> [Exercise brief]: Drop every picture, then print the rest of the listing exactly as given.

> [Information provided]:
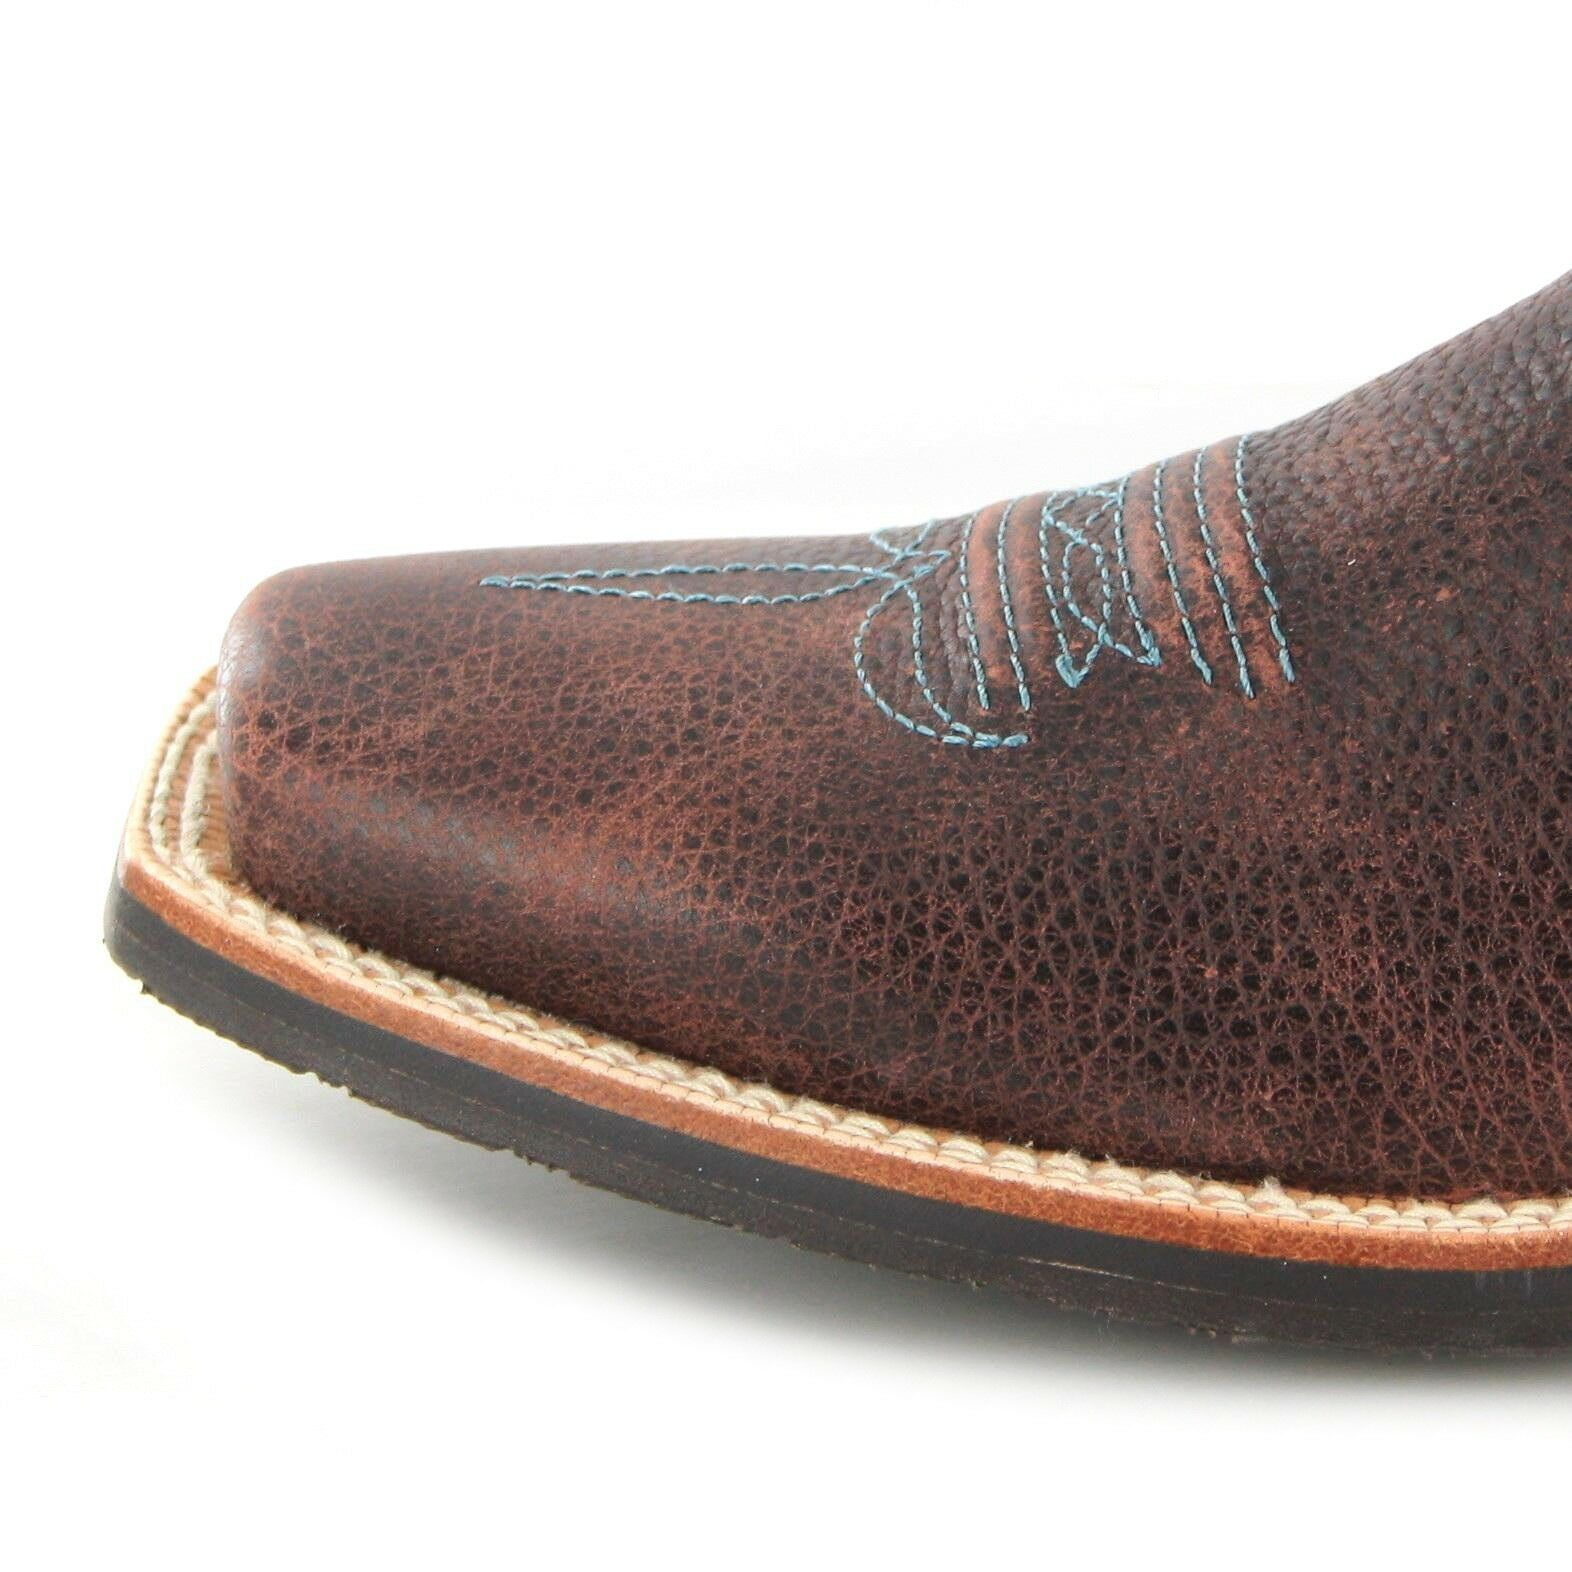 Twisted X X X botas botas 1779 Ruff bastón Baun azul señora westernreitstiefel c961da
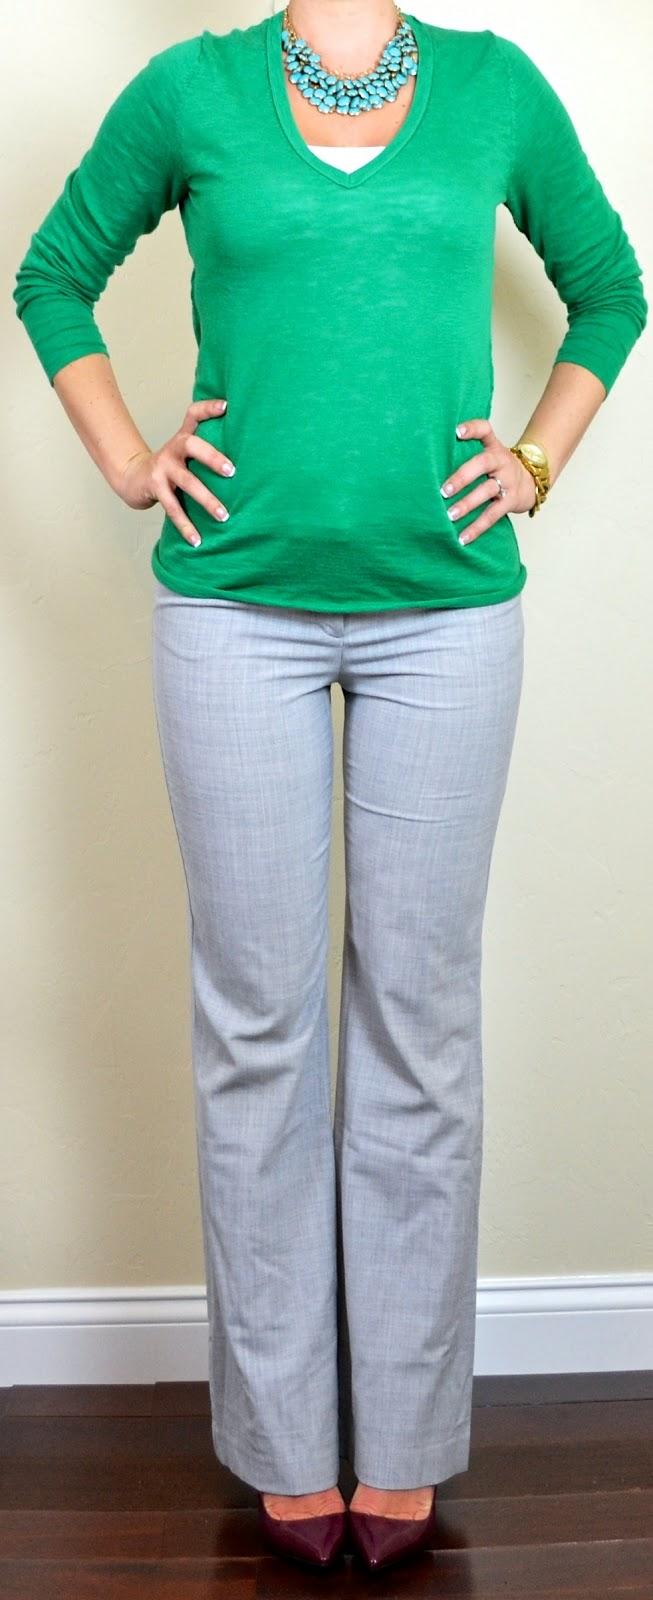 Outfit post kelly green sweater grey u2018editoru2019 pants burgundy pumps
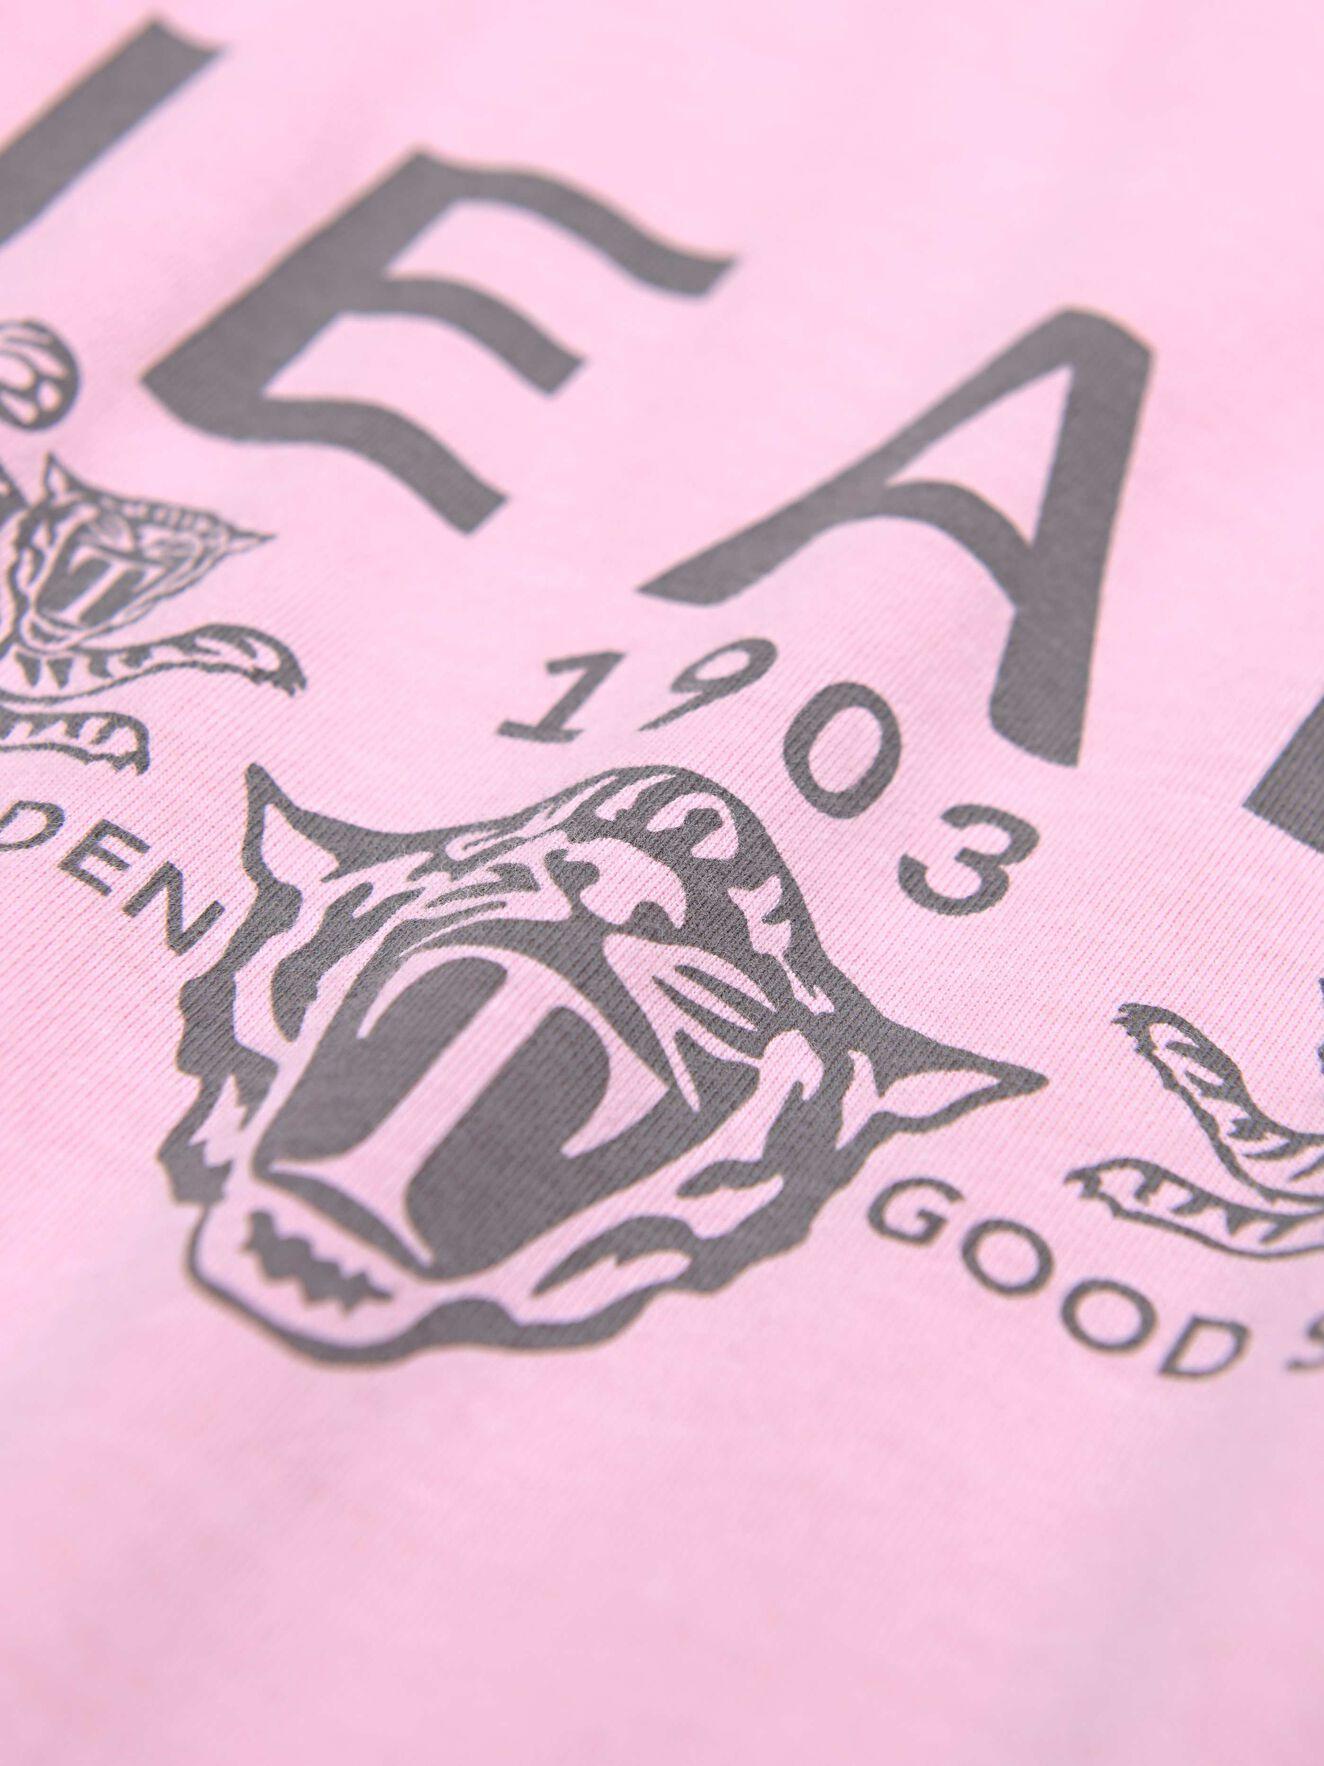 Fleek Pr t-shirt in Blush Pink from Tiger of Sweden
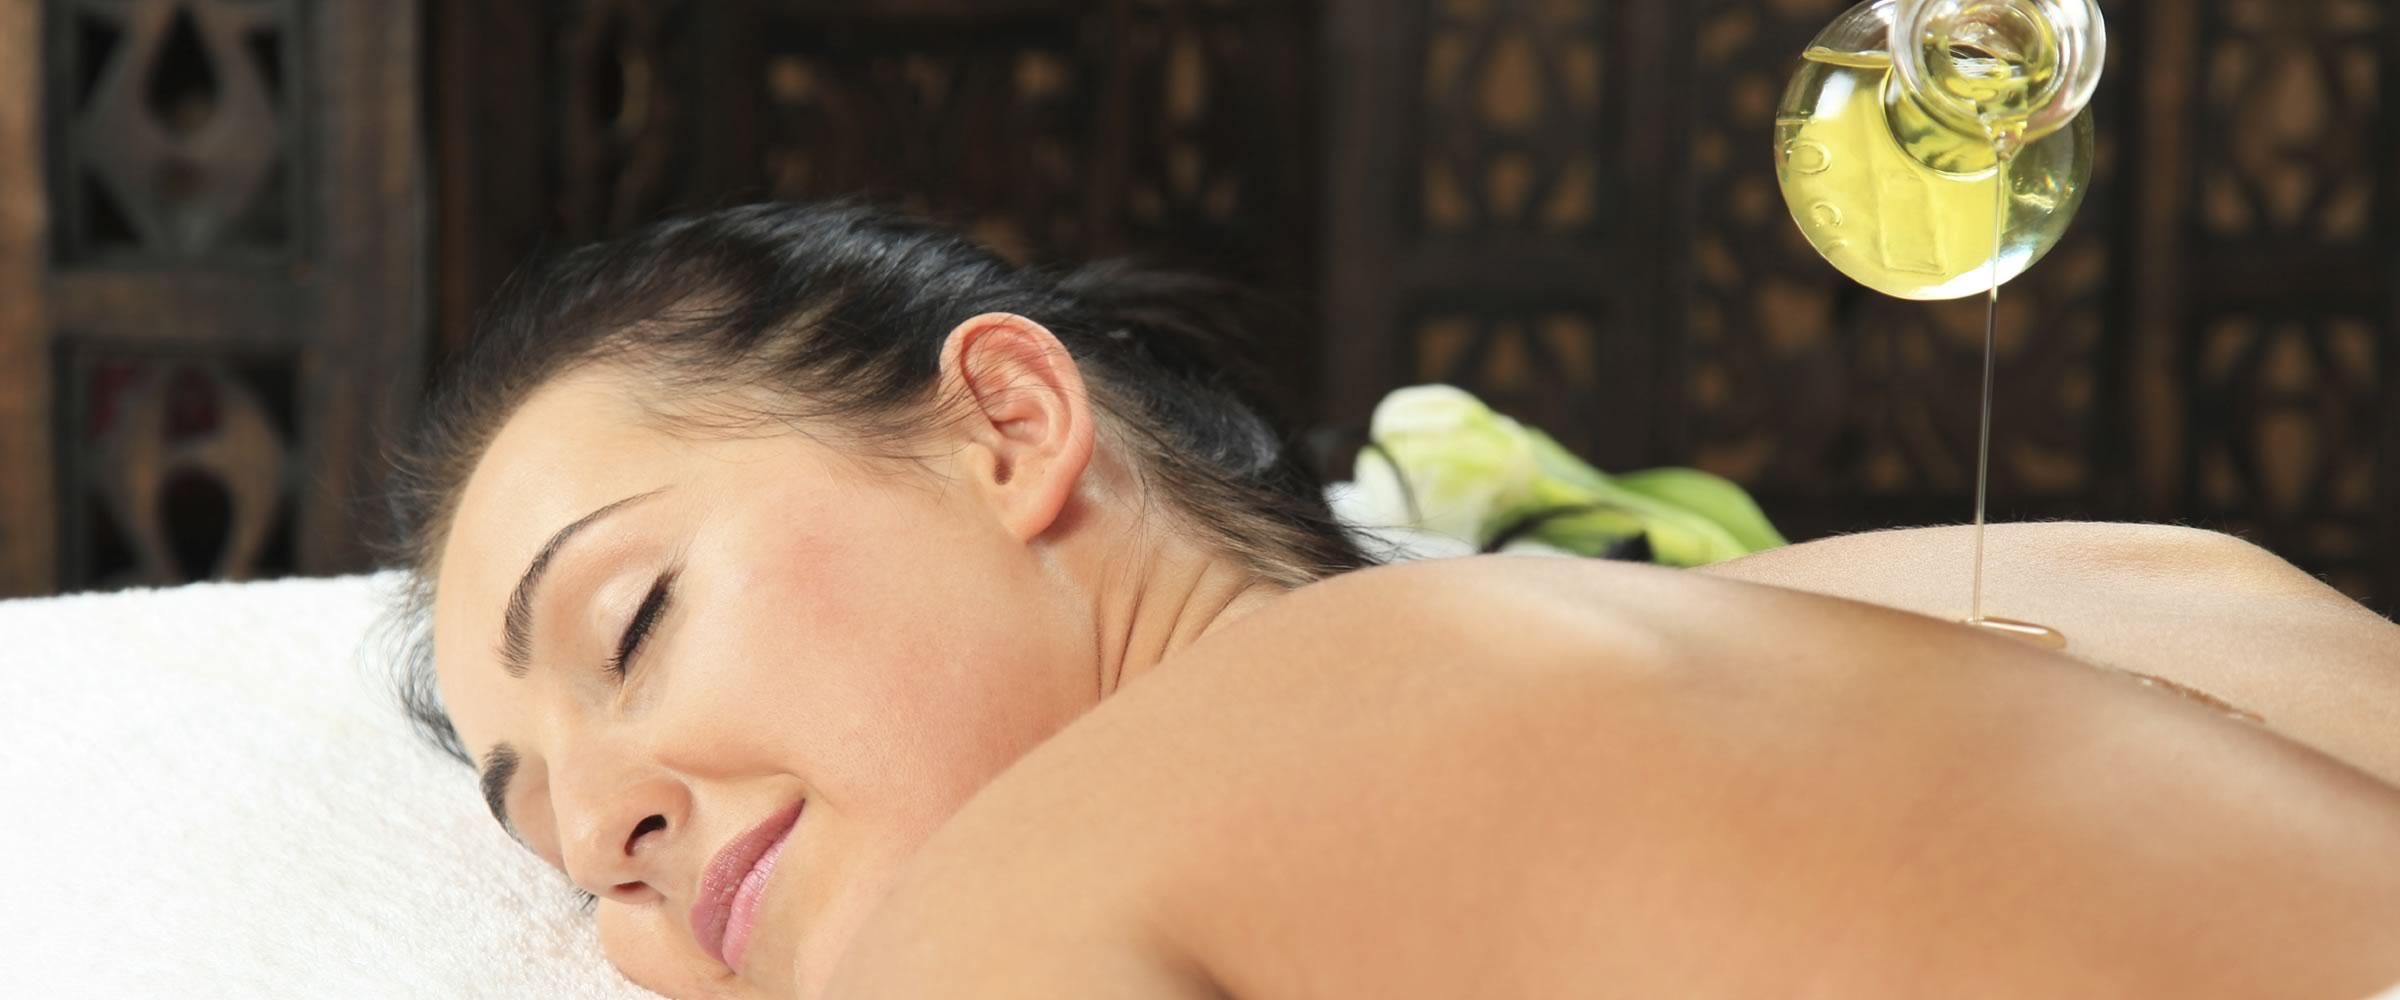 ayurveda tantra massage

> [Exercise solution]:
 Twisted X X X botas botas 1779 Ruff bastón Baun azul señora westernreitstiefel c961da
 Outfit post kelly green sweater grey u2018editoru2019 pants burgundy pumps
 Fleek Pr t-shirt in Blush Pink from Tiger of Sweden
 ayurveda tantra massage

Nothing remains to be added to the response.